**EXERCISE:** Would you please copy all of the data exactly, skipping the images?

**COLLECTED MATERIAL:**
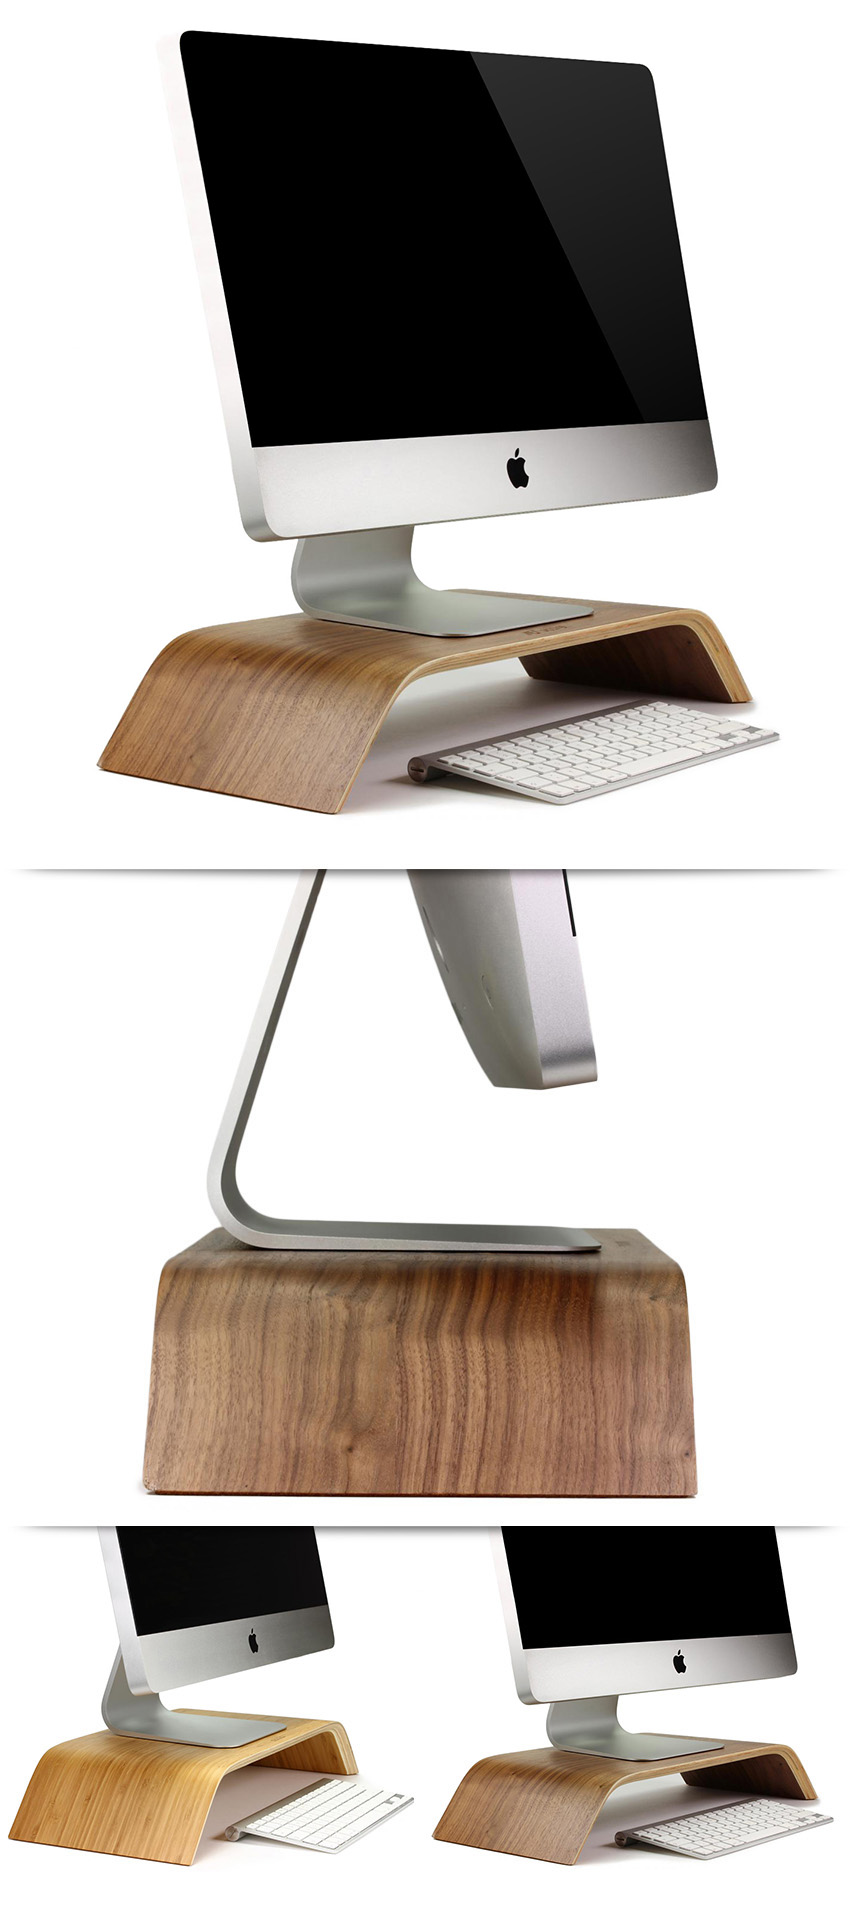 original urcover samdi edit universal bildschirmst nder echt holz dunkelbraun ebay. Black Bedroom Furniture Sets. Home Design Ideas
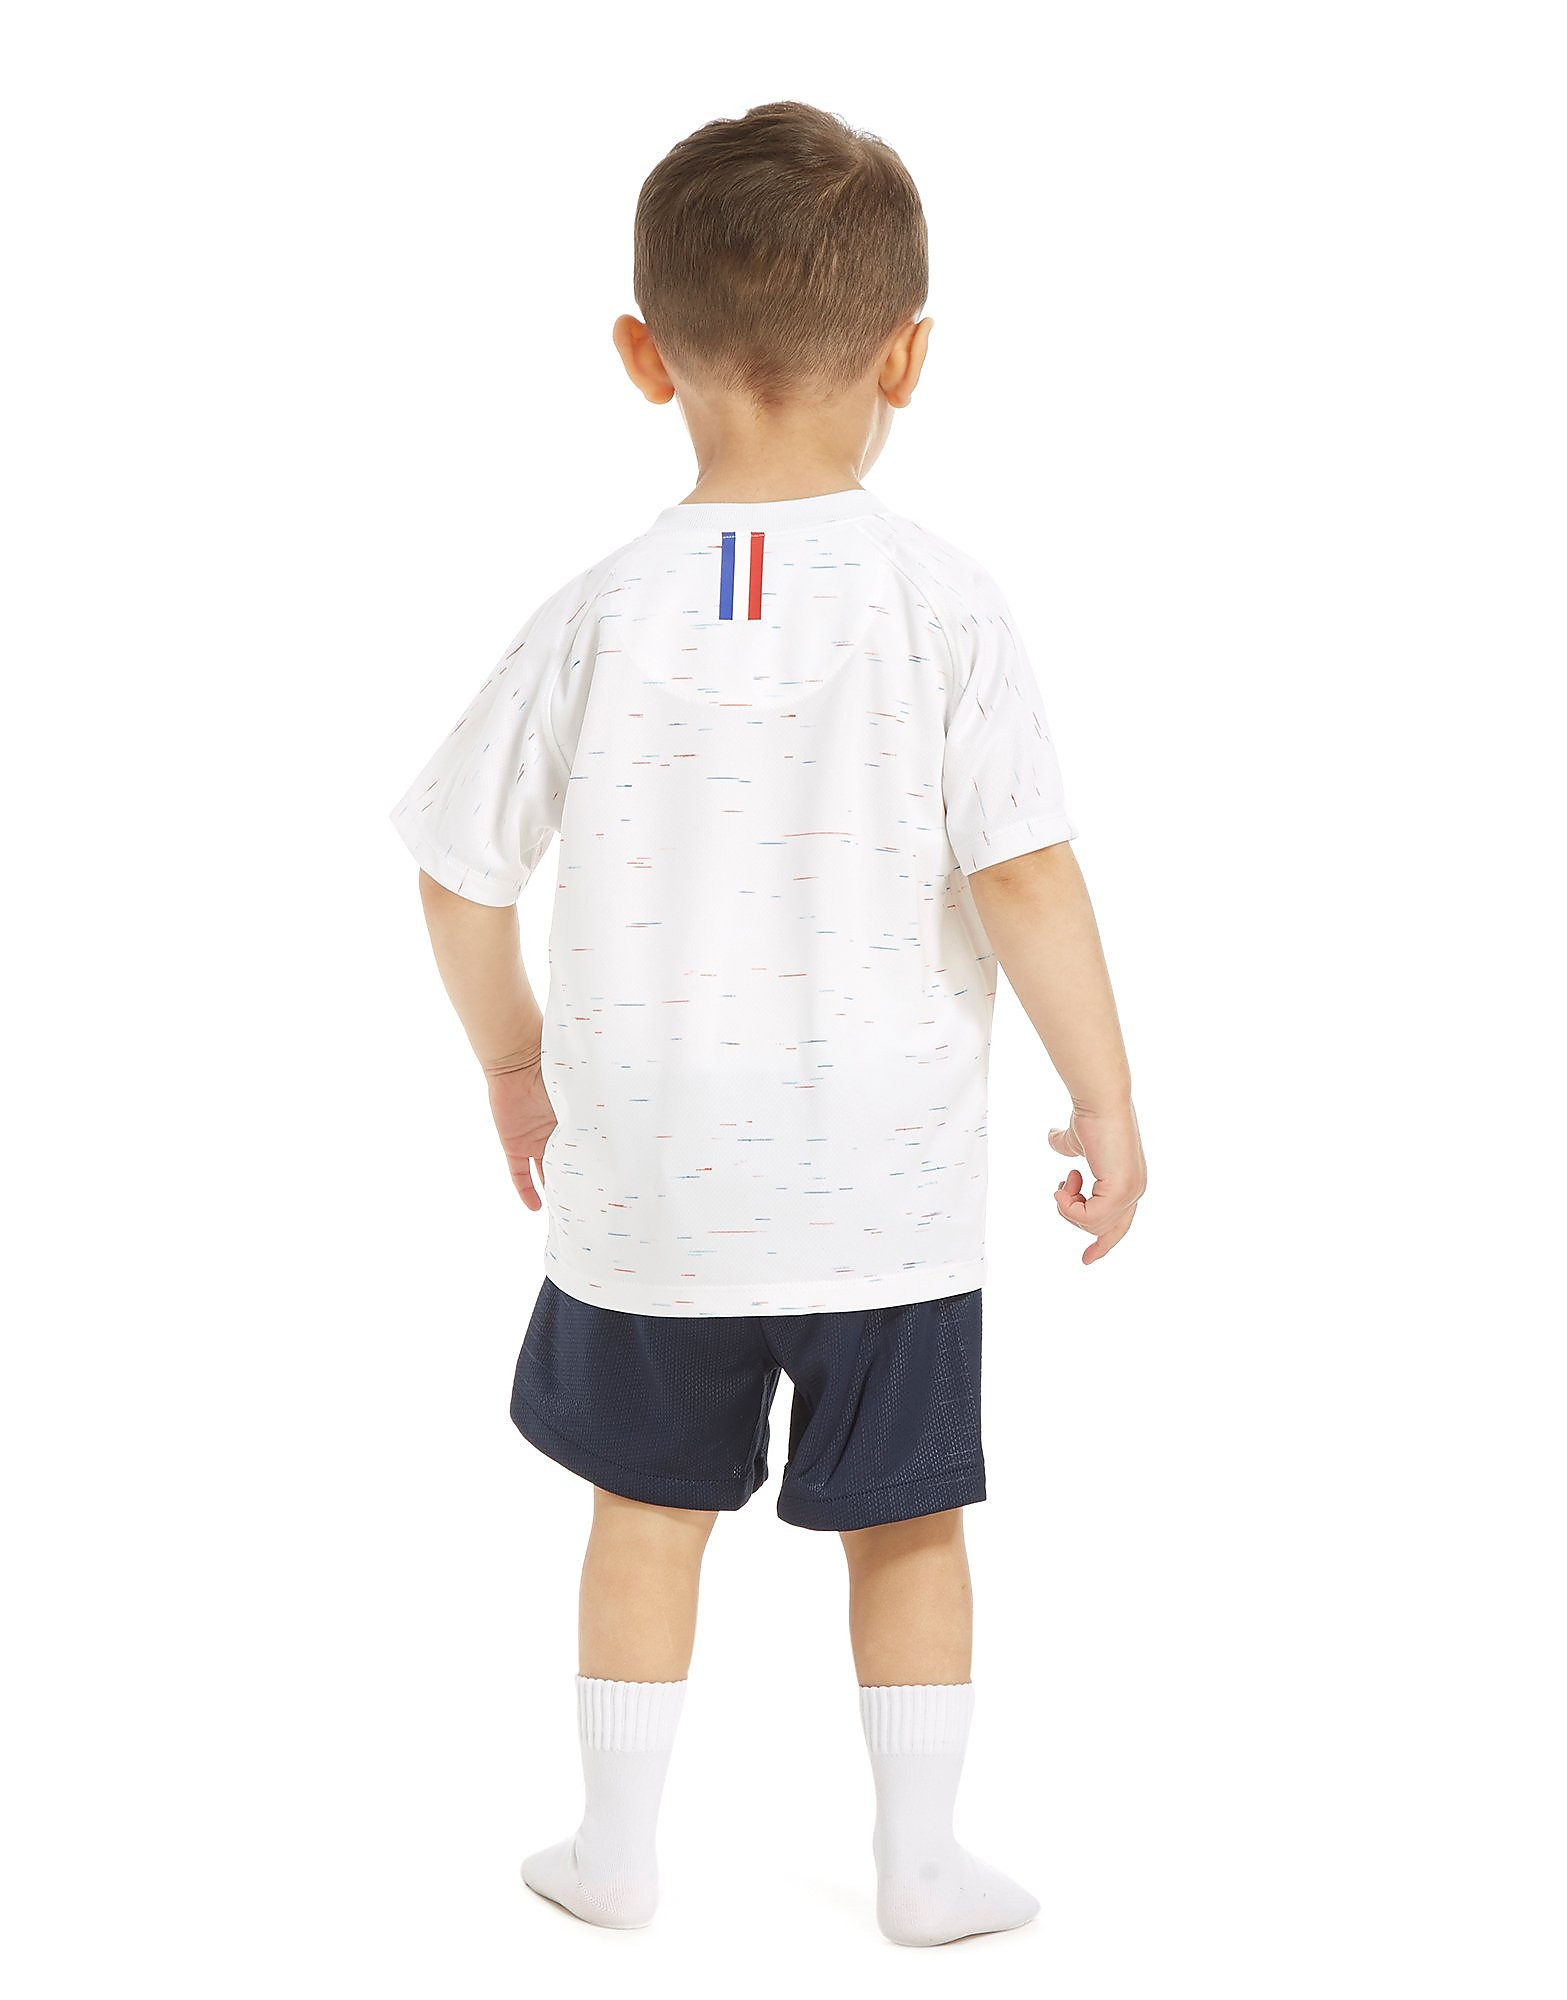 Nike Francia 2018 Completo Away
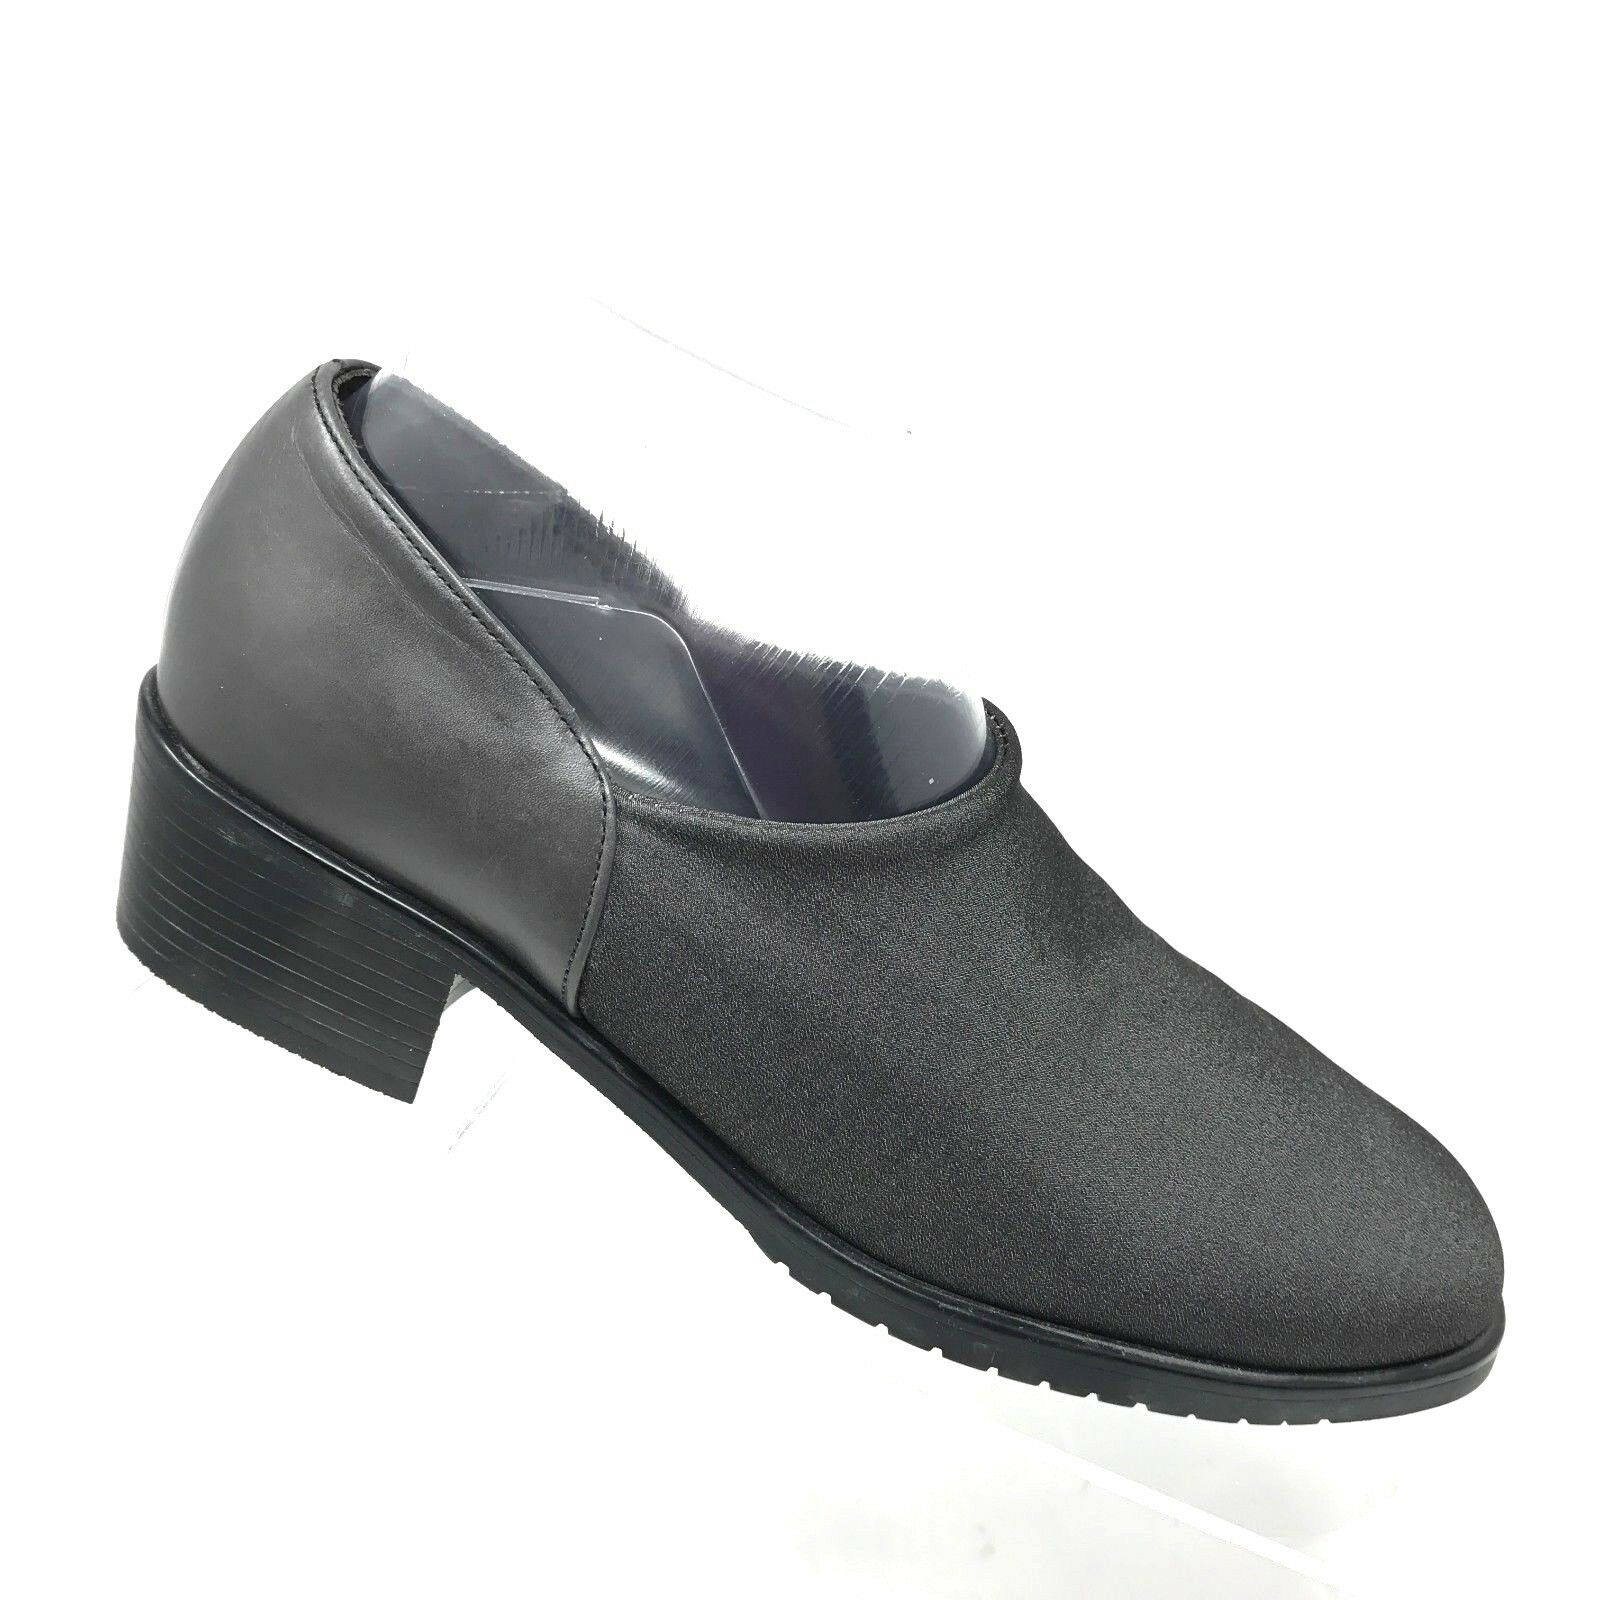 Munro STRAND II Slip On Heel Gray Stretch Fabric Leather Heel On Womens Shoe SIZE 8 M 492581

**SOLUTION FOR THIS EXERCISE:**
 original urcover samdi edit universal bildschirmst nder echt holz dunkelbraun ebay. Black Bedroom Furniture Sets. Home Design Ideas
 Nike Francia 2018 Completo Away
 Munro STRAND II Slip On Heel Gray Stretch Fabric Leather Heel On Womens Shoe SIZE 8 M 492581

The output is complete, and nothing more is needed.